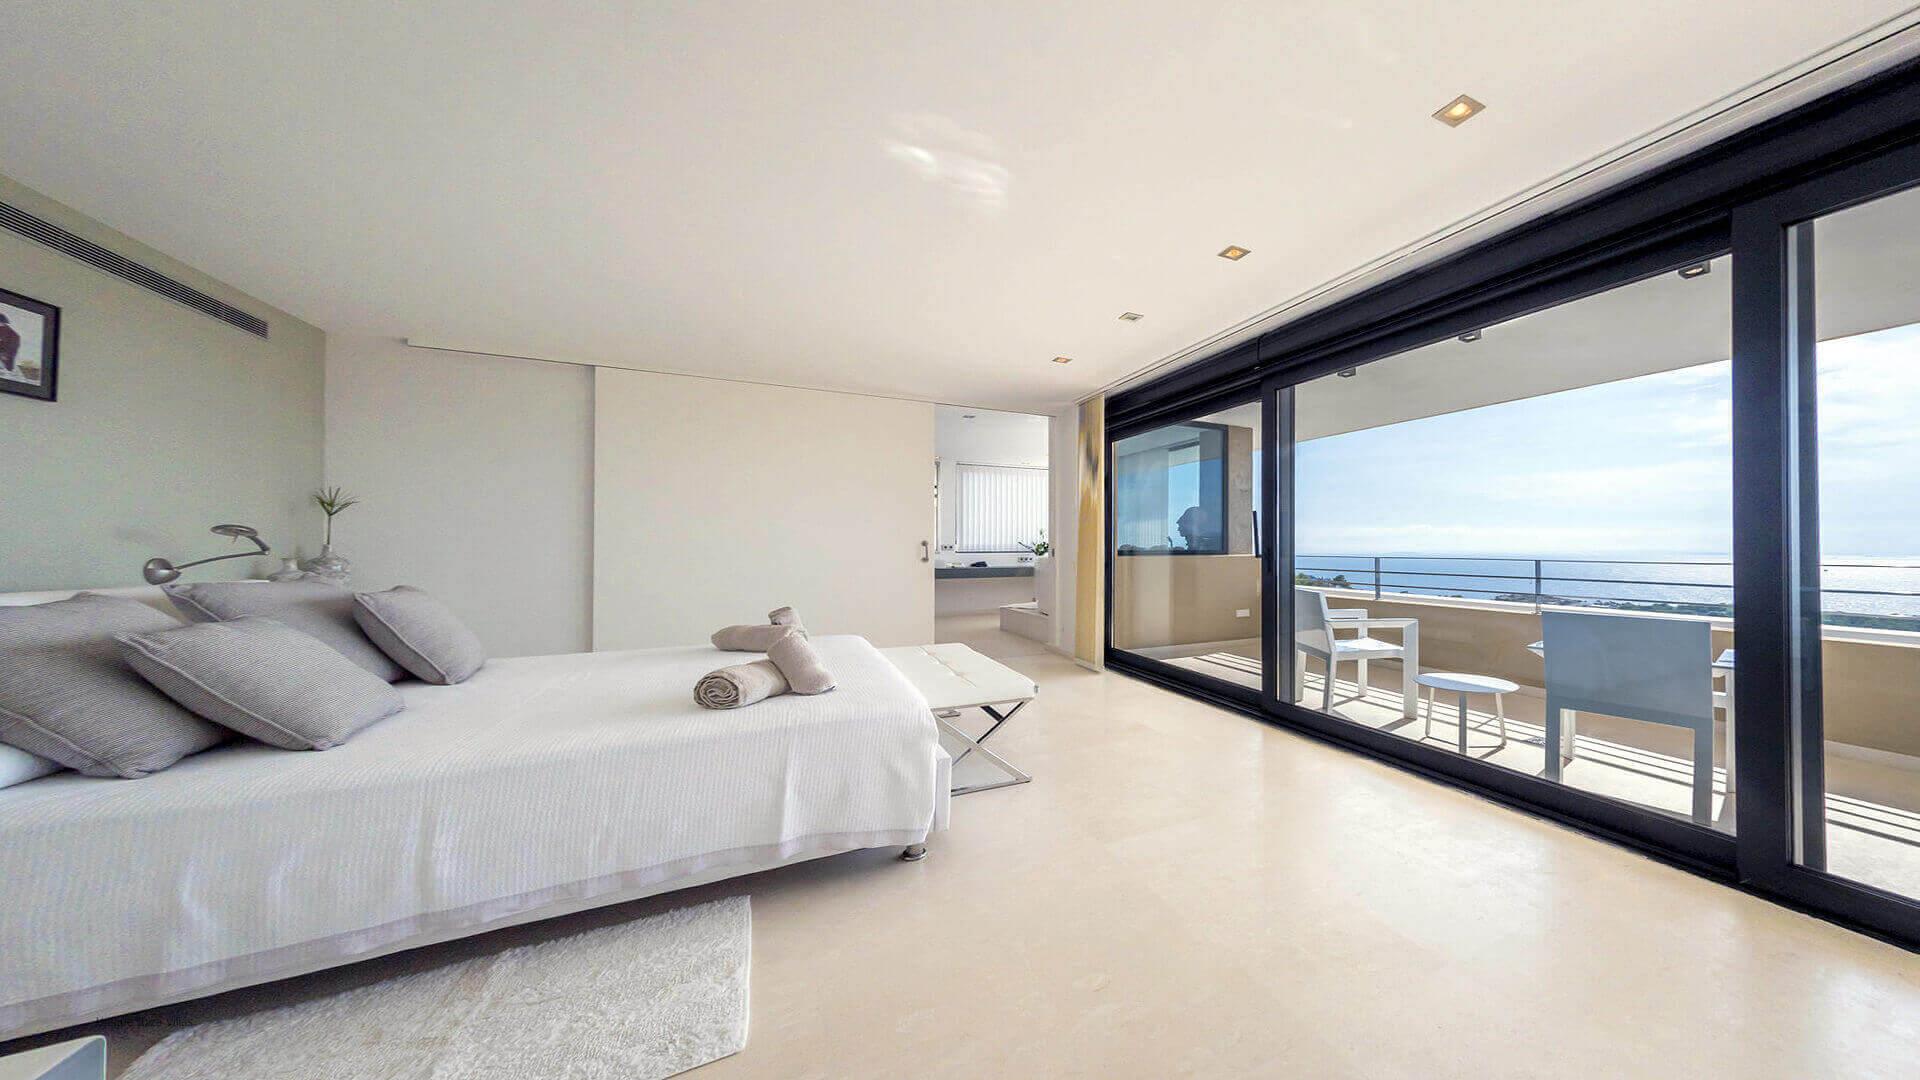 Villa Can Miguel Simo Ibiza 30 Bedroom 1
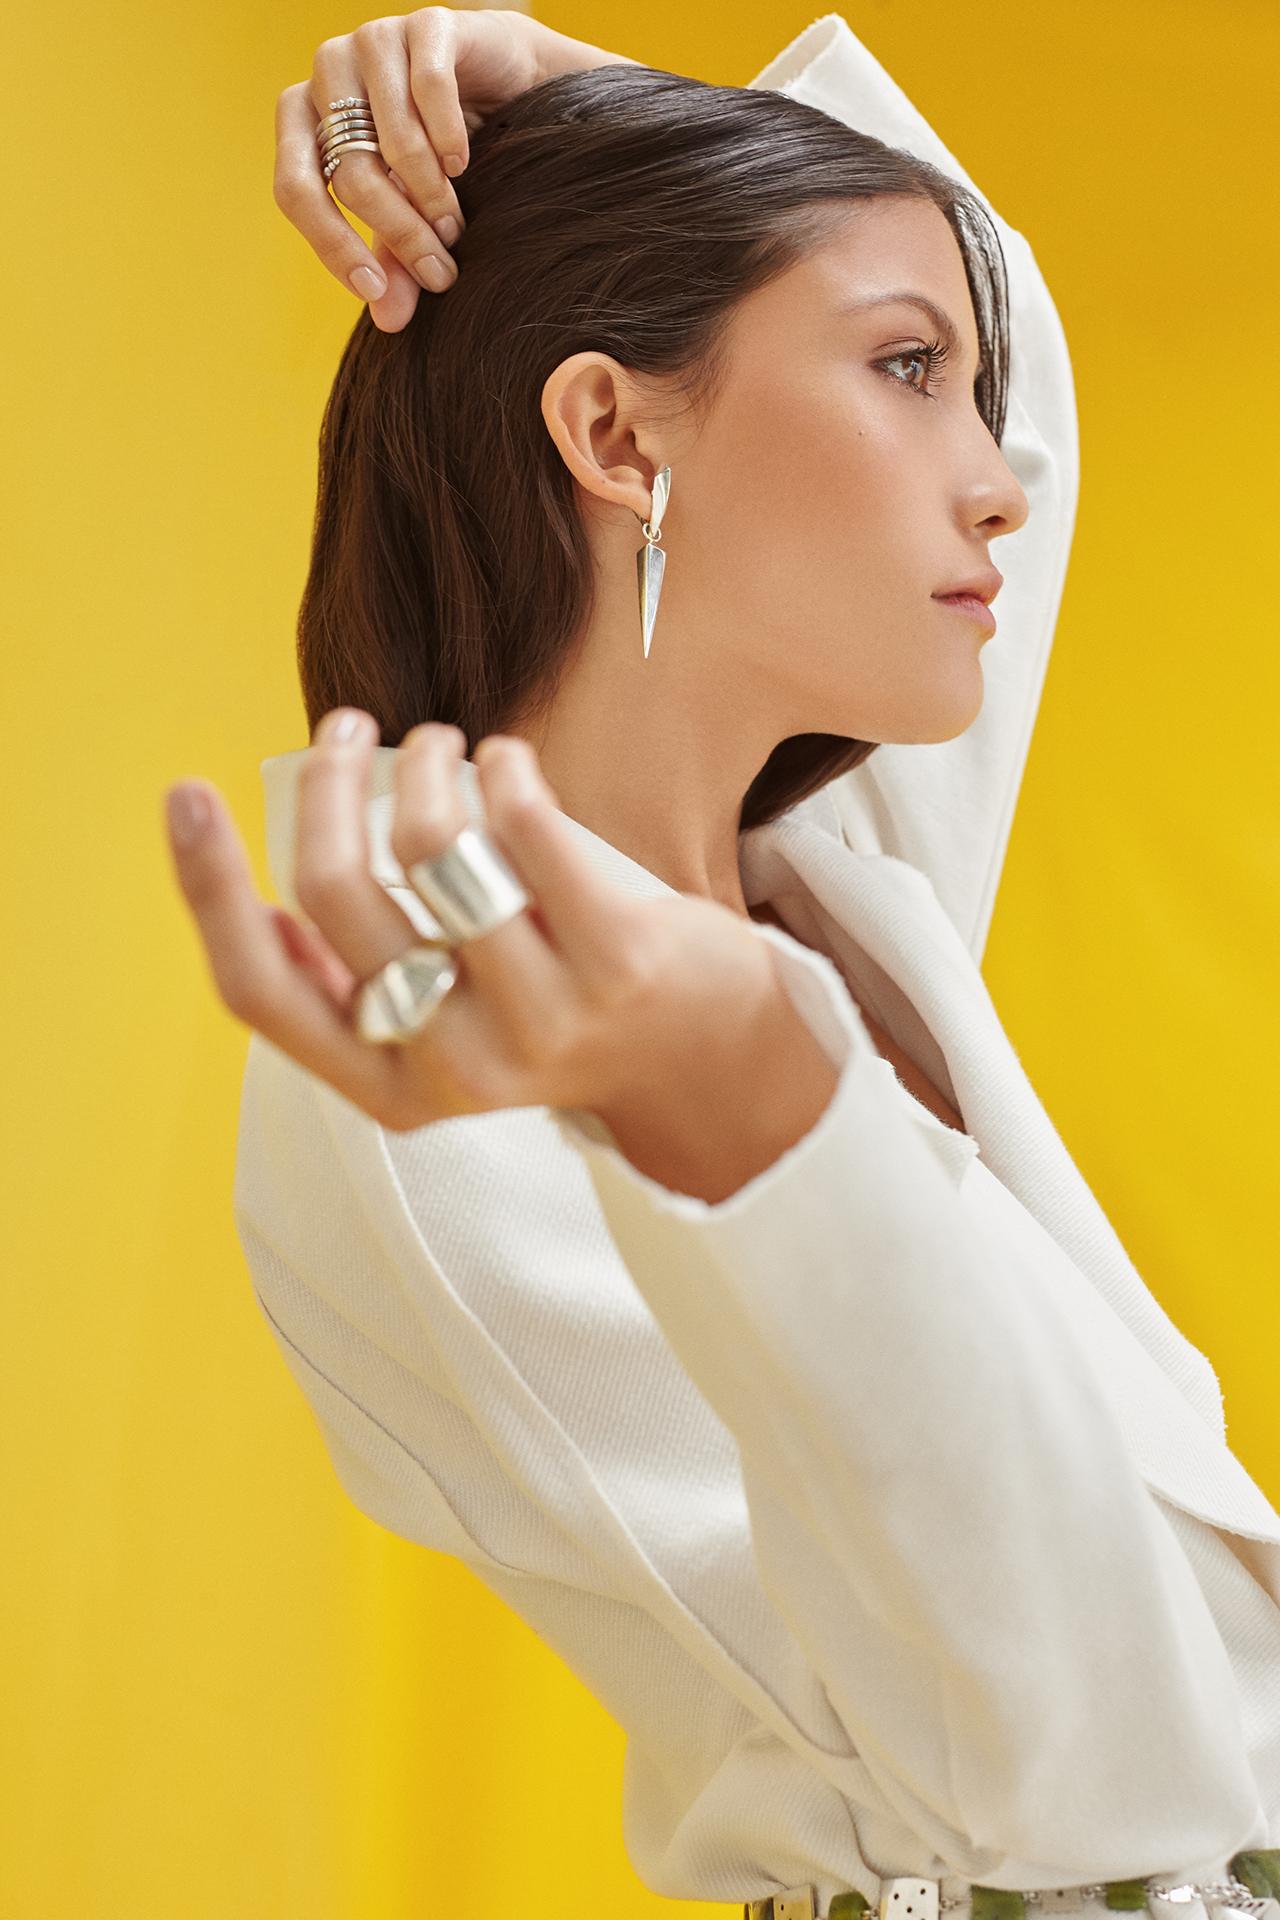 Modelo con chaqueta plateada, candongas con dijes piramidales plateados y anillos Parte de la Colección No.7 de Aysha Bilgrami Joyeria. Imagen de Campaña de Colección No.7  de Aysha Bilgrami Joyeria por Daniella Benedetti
==
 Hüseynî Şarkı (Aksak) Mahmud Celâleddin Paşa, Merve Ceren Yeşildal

Brief –
In the listing above, find the line with "Villa Can Miguel Simo Ibiza 30 Bedroom 1" and output it and every line after it up to and including the line with "Modelo con chaqueta", exactly, minus the pictures.

Solved problem –
 Villa Can Miguel Simo Ibiza 30 Bedroom 1
 Modelo con chaqueta plateada, candongas con dijes piramidales plateados y anillos Parte de la Colección No.7 de Aysha Bilgrami Joyeria. Imagen de Campaña de Colección No.7  de Aysha Bilgrami Joyeria por Daniella Benedetti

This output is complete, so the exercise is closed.